There are many details in the Predict module. We will keep it relatively simple for this introductory phase. To complete this task, follow the directions below. Make sure to capture any screenshots and to answer any questions where requested

Logon to your Watson Analytics account at http://watsonanalytics.com
Upload the file marketing.csv unless already in your folder
Double-click on the file you just uploaded.

You will be guided to a new window where you can go to the Predictive Analysis menu and select the Spiral option. You will be presented with a new discovery window where you will have to select your target variable.

##### 3A) Include a screen shot of the top predictors of sales. Consider the one field (driver) predictive model only and note the predictive power strength for each driver

Watson shows that the driver radio has the highest strength of 93%, with tv driver having an 86% strength. Watson also showed two drivers, that of pos and radio and pos and tv (ommitted for the screenshot as asked for). Pos and radio strength is 99%, and the 2 drivers of pos and tv is 98% strength.

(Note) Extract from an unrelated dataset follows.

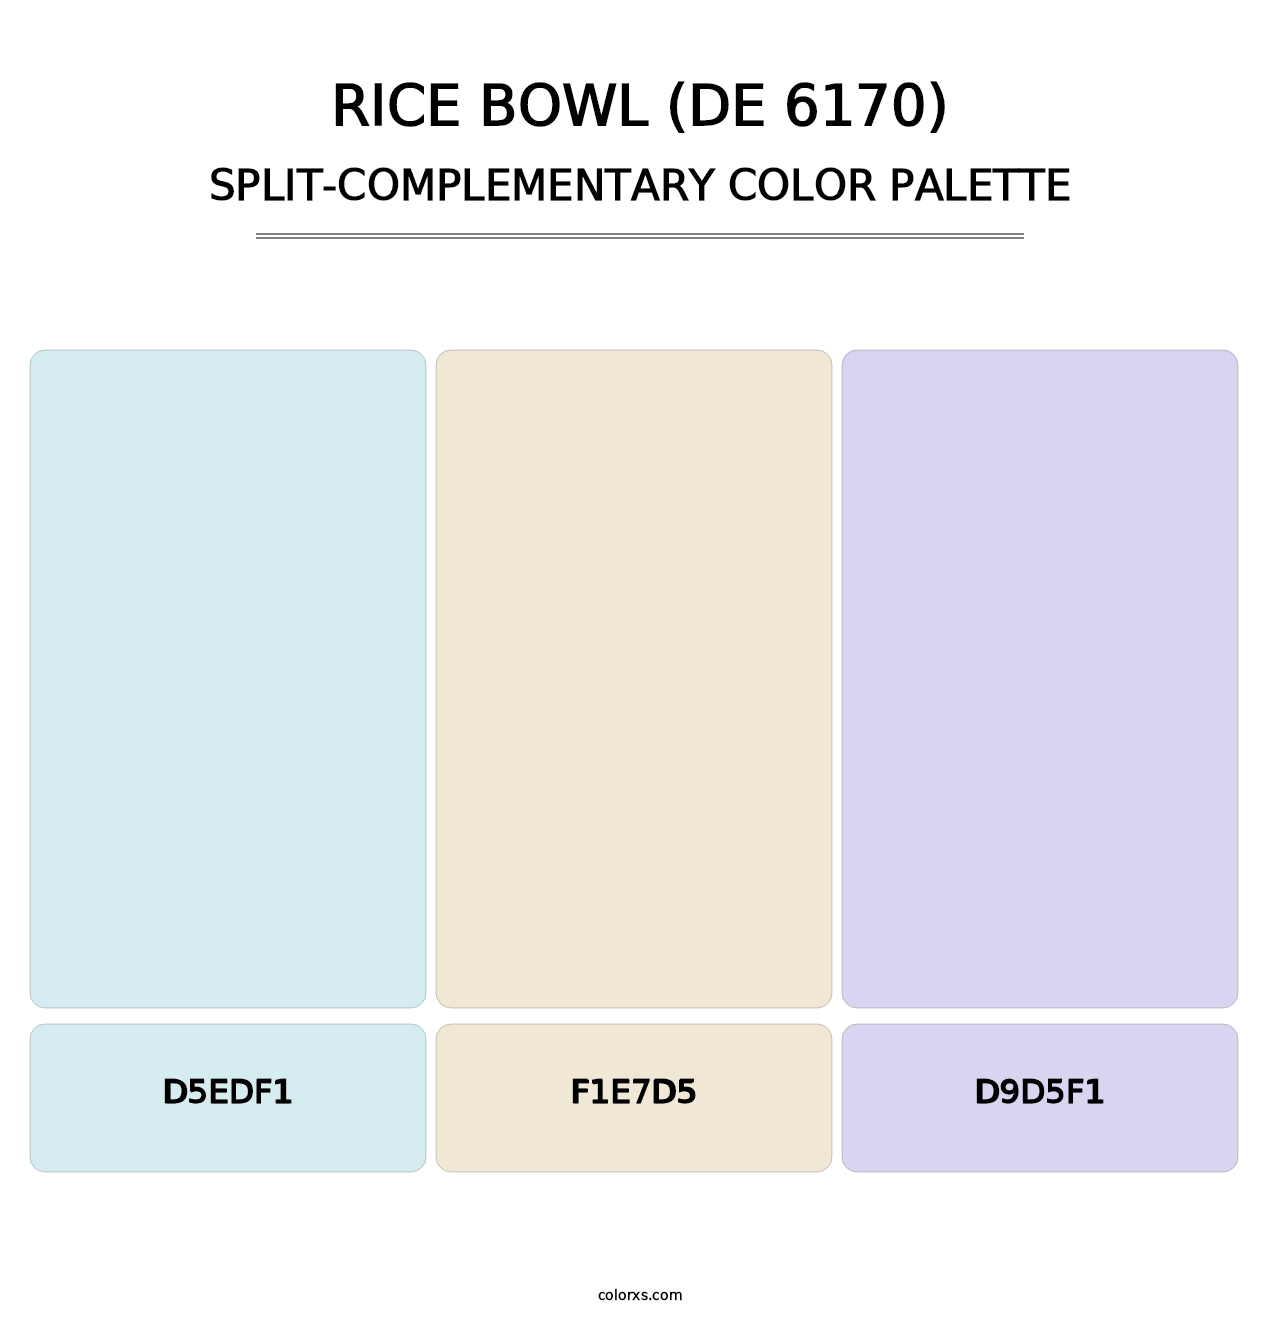 Rice Bowl (DE 6170) - Split-Complementary Color Palette

Note that Watson follows a different approach to identify and quantify the predictive strength of each variable. Such details are outside the scope of this exercise. Watson provides a lot of on-line help, and the interested reader is encouraged to independently check the on-line documentation and explore the many capabilities of Watson.

##### 3B) How do Watson results reconcile with your findings based on the R regression analysis in task 2? Explain.

Watson results reconcil with our findings based on the R regression analysis in task 2 in that it shows that radio and tv are the strongest drivers of sales. Radio had the greater correlation, and Watson reflected that with a 93% strength, followed by tv with a 86% strength. This is reflected in task 2 because with mlr1 we measured radio and tv, and it also showed, like Watson did, that those two variables are the most strongly related to sales than the others. The only difference that appeared was when Watson suggested that pos and radio, and pos and tv were also strong drivers. As talked about in class, technology can help us, but we need human thought to analyze outputs to see if they are correct or not. With this scenario, we already know that pos is not closely related with sales. In fact, we saw in mlr2 that adding pos to radio and tv actually lowered adjusted r-squared; meaning that it did not add a better prediction of sales. More analysis would be needed with situations with just those 2 drivers of sales, but it is just an example as well on how human input is needed when dealing with data analytics.